> Stored data:
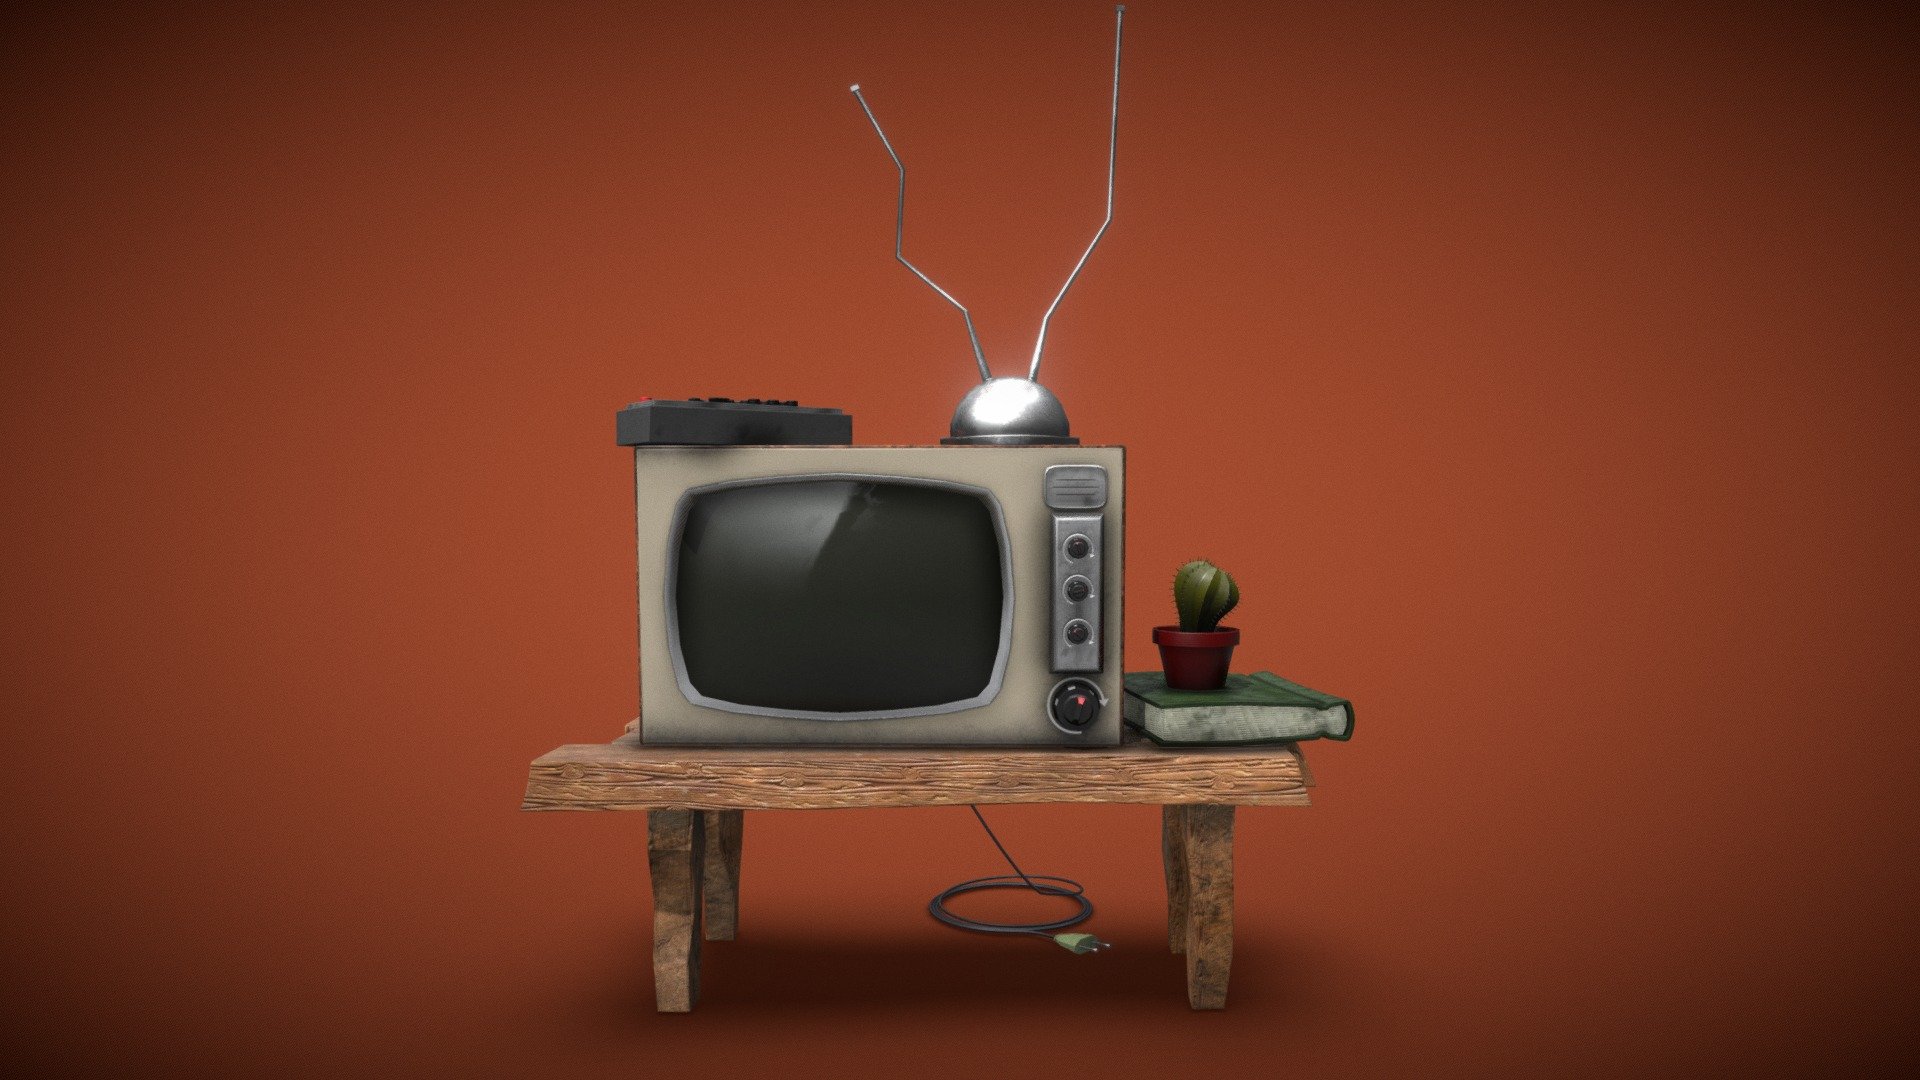 Stylized telly 3d model low polygonal.

The archive includes - 4k maps, fbx, .max, .sps and renders - Cartoon Retro Telly Low Polygonal - 3D model by Armen Gevorgyan (@armeniouz) 3d model
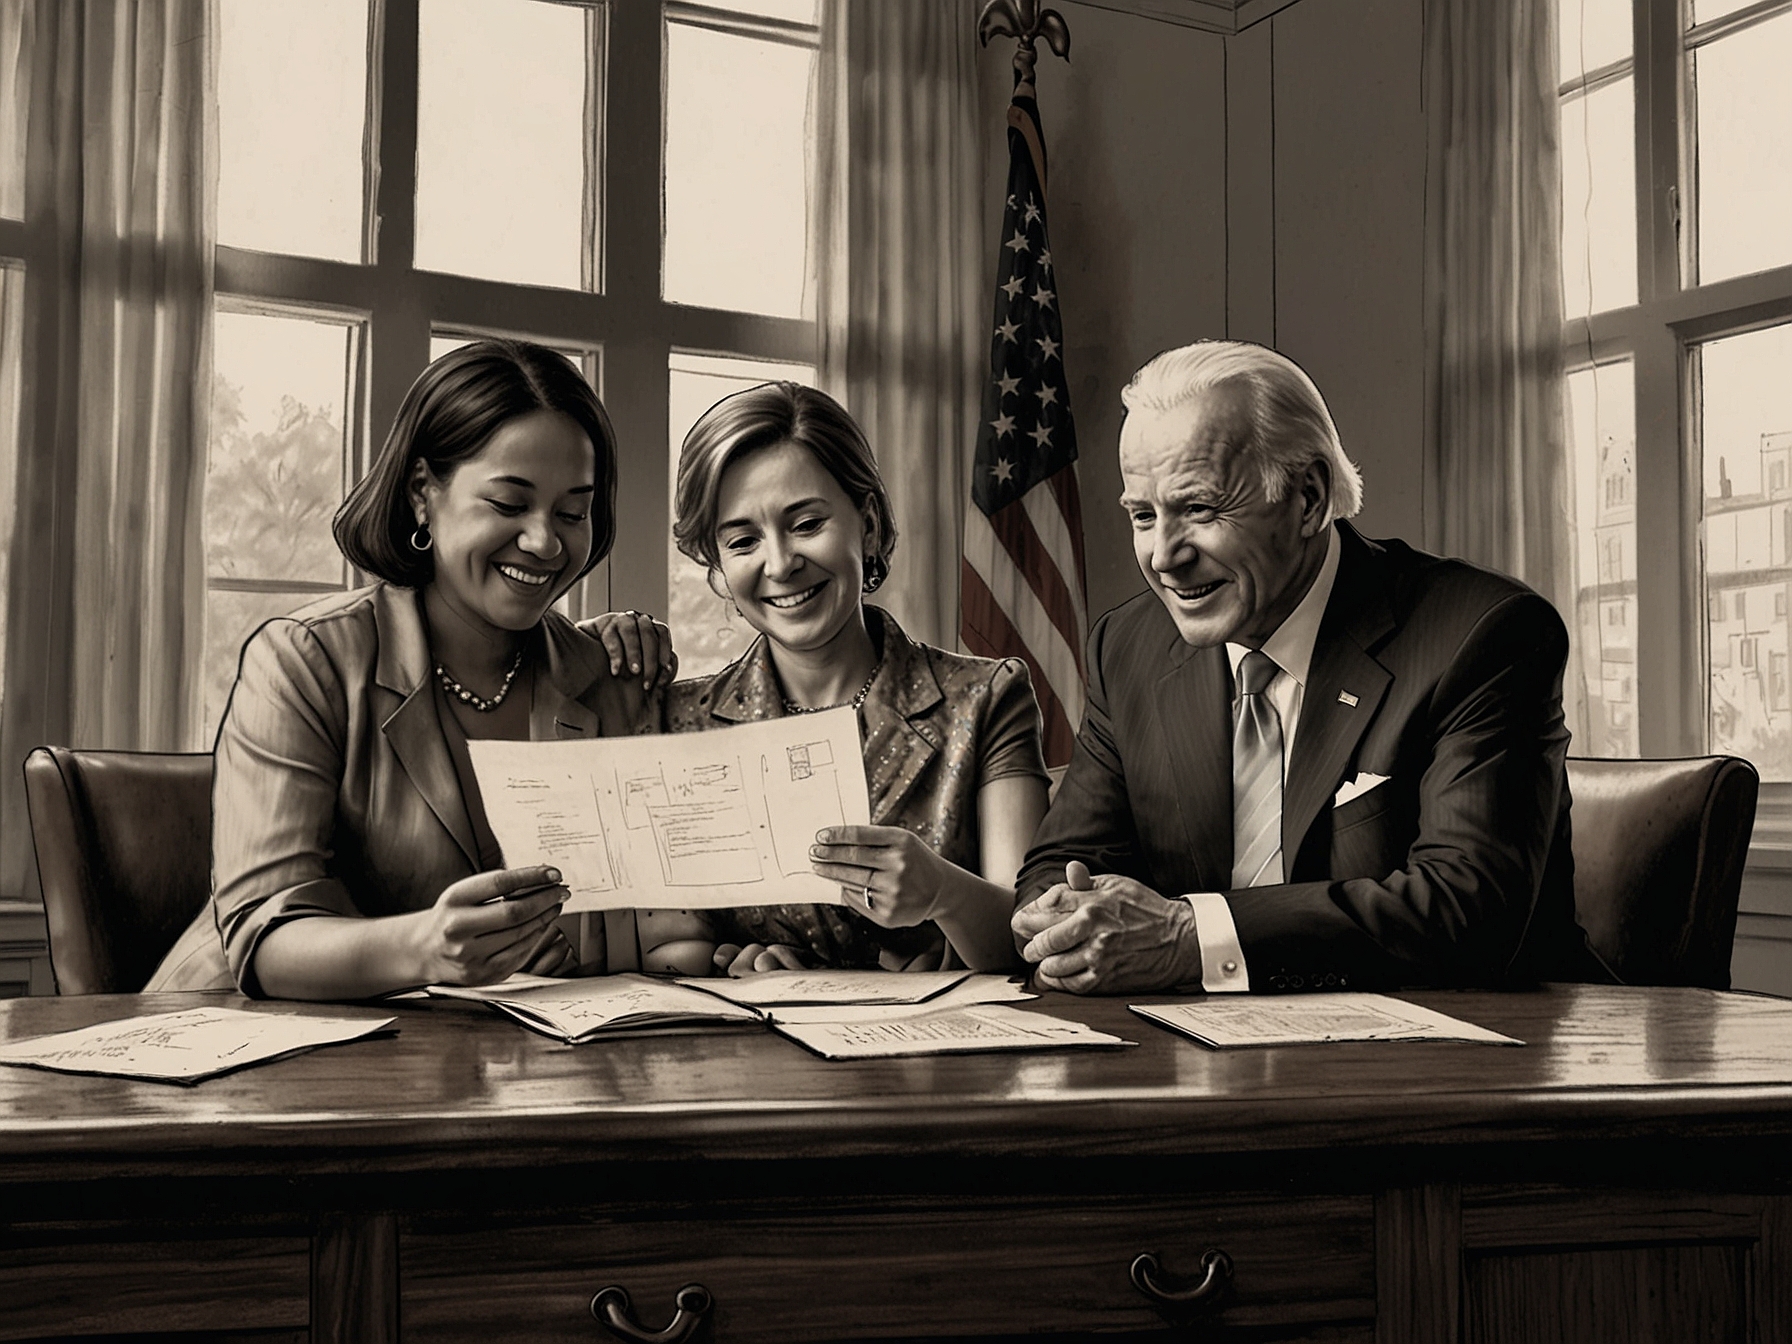 A family of immigrants, relieved and hopeful, gathers around a table with legal documents, symbolizing the potential benefits and new opportunities from Biden's proposed policy.

> What this task involves: When you repeat the listing, keep it exact and leave the pictures behind.

> Your solution:
 Stylized telly 3d model low polygonal.

The archive includes - 4k maps, fbx, .max, .sps and renders - Cartoon Retro Telly Low Polygonal - 3D model by Armen Gevorgyan (@armeniouz) 3d model
 A family of immigrants, relieved and hopeful, gathers around a table with legal documents, symbolizing the potential benefits and new opportunities from Biden's proposed policy.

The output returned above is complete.